Problem statement => The range to repeat runs from the line with "Windows ExpressVPN Singapore" to the last line below, both ends included; give it exactly and without pictures.

The data =>
━━━━━━━━
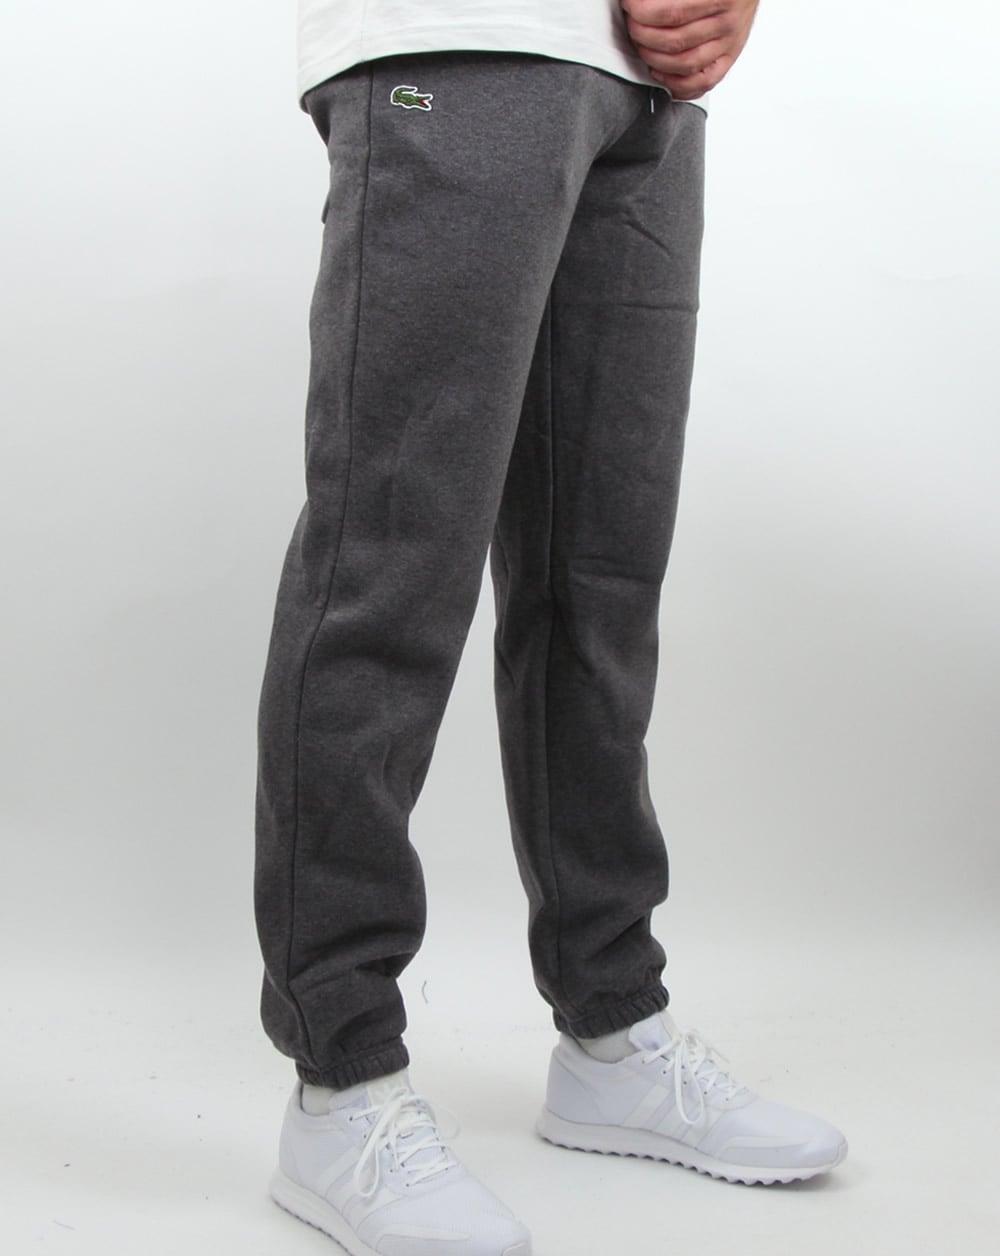 Lacoste Cotton Fleece Track Pants Dark Grey Tracksuit
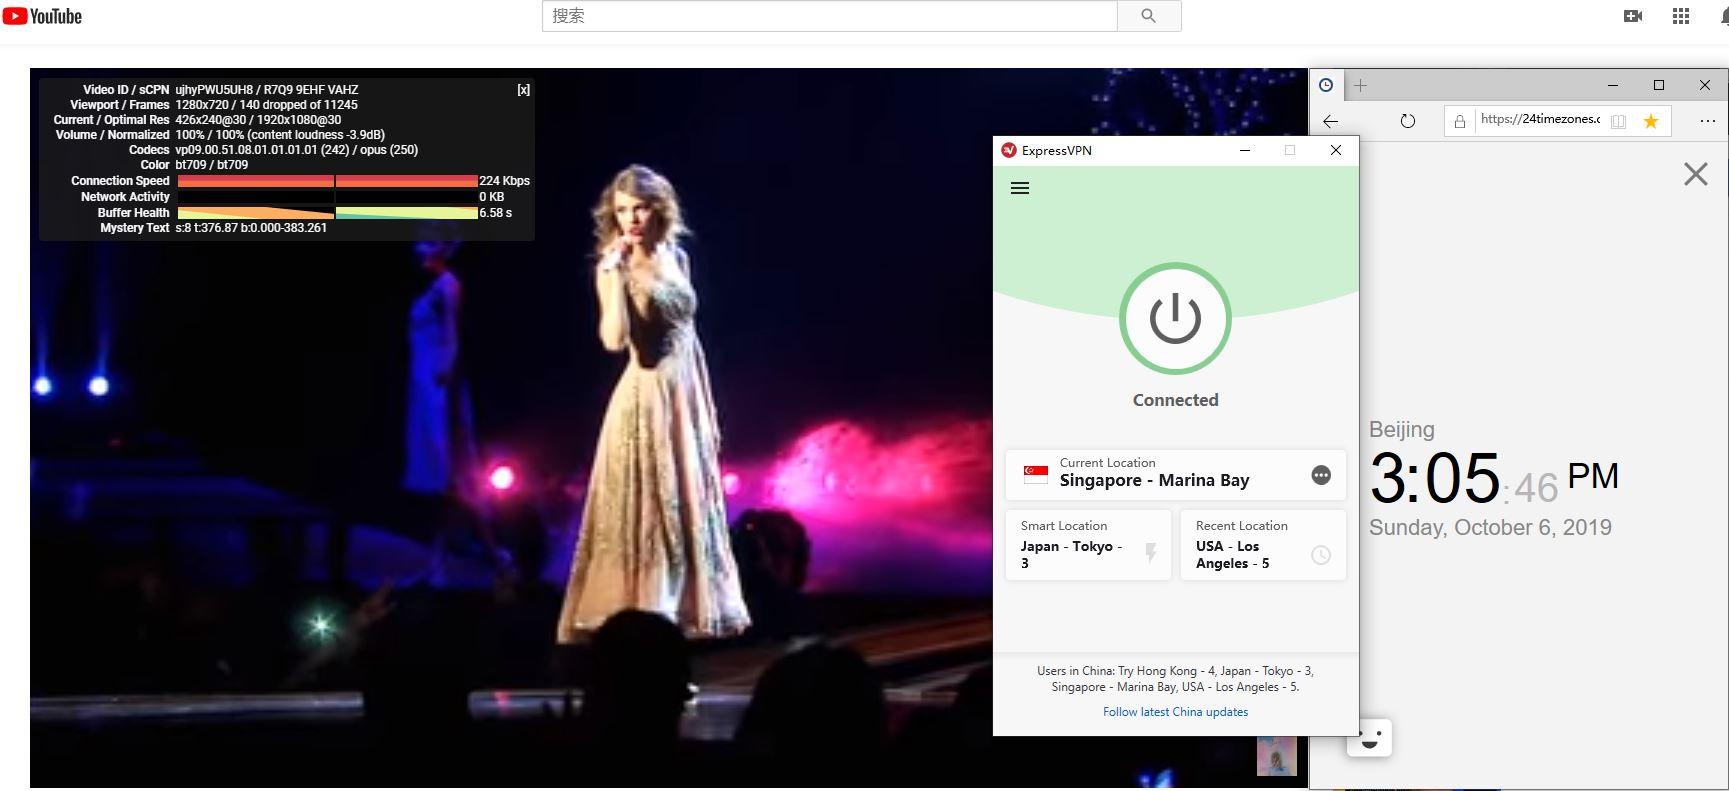 Windows ExpressVPN Singapore - Marina Bay 中国VPN翻墙 科学上网 YouTube测速-20191006
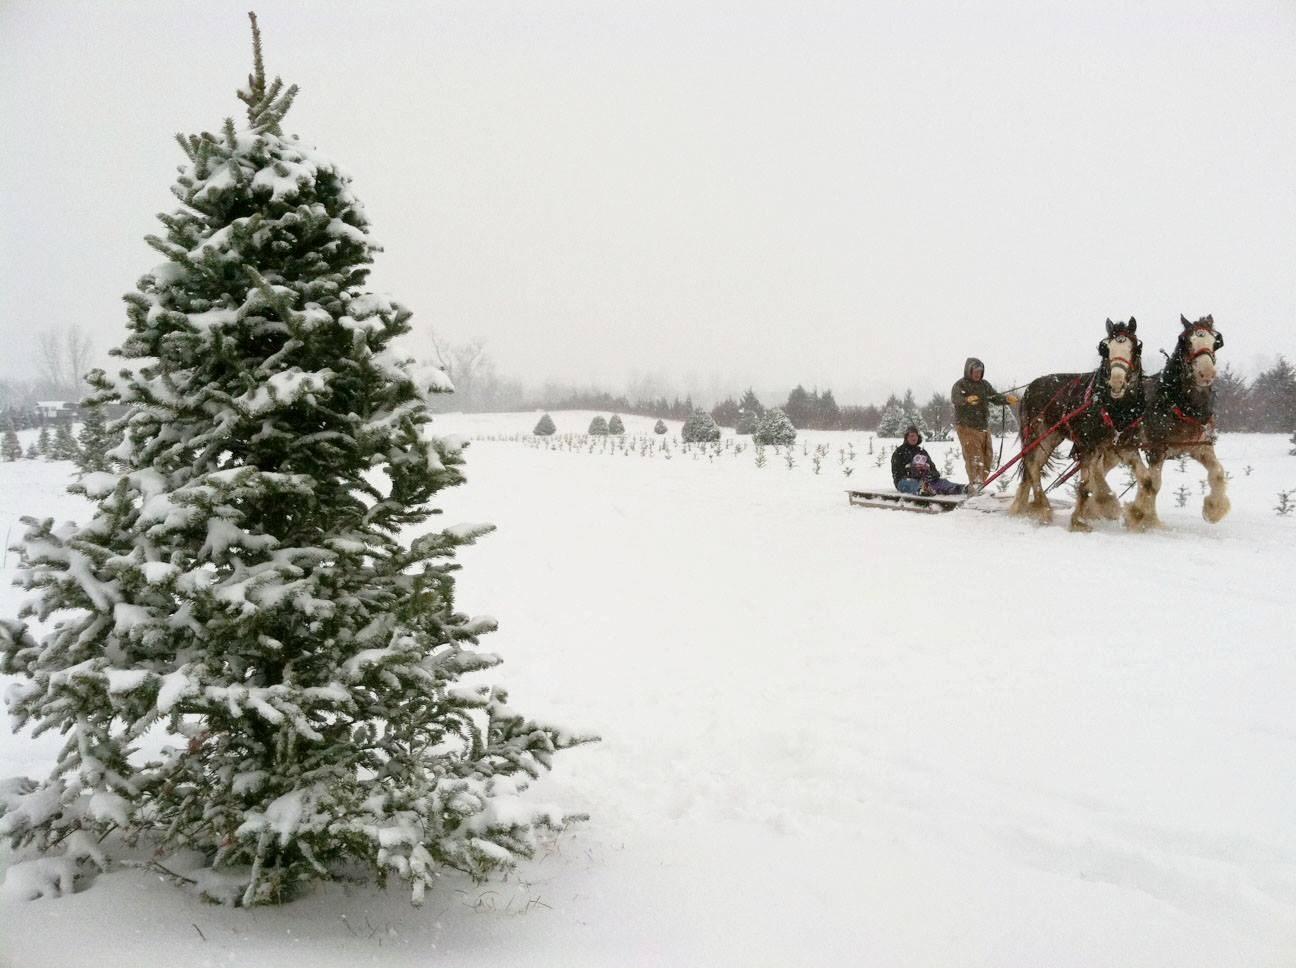 Kaleidoscope Farms LLC christmas tree farm | ChristmasTreeFarms.net
━━━━━━━━
Answer to this exercise =>
 Windows ExpressVPN Singapore - Marina Bay 中国VPN翻墙 科学上网 YouTube测速-20191006
 Kaleidoscope Farms LLC christmas tree farm | ChristmasTreeFarms.net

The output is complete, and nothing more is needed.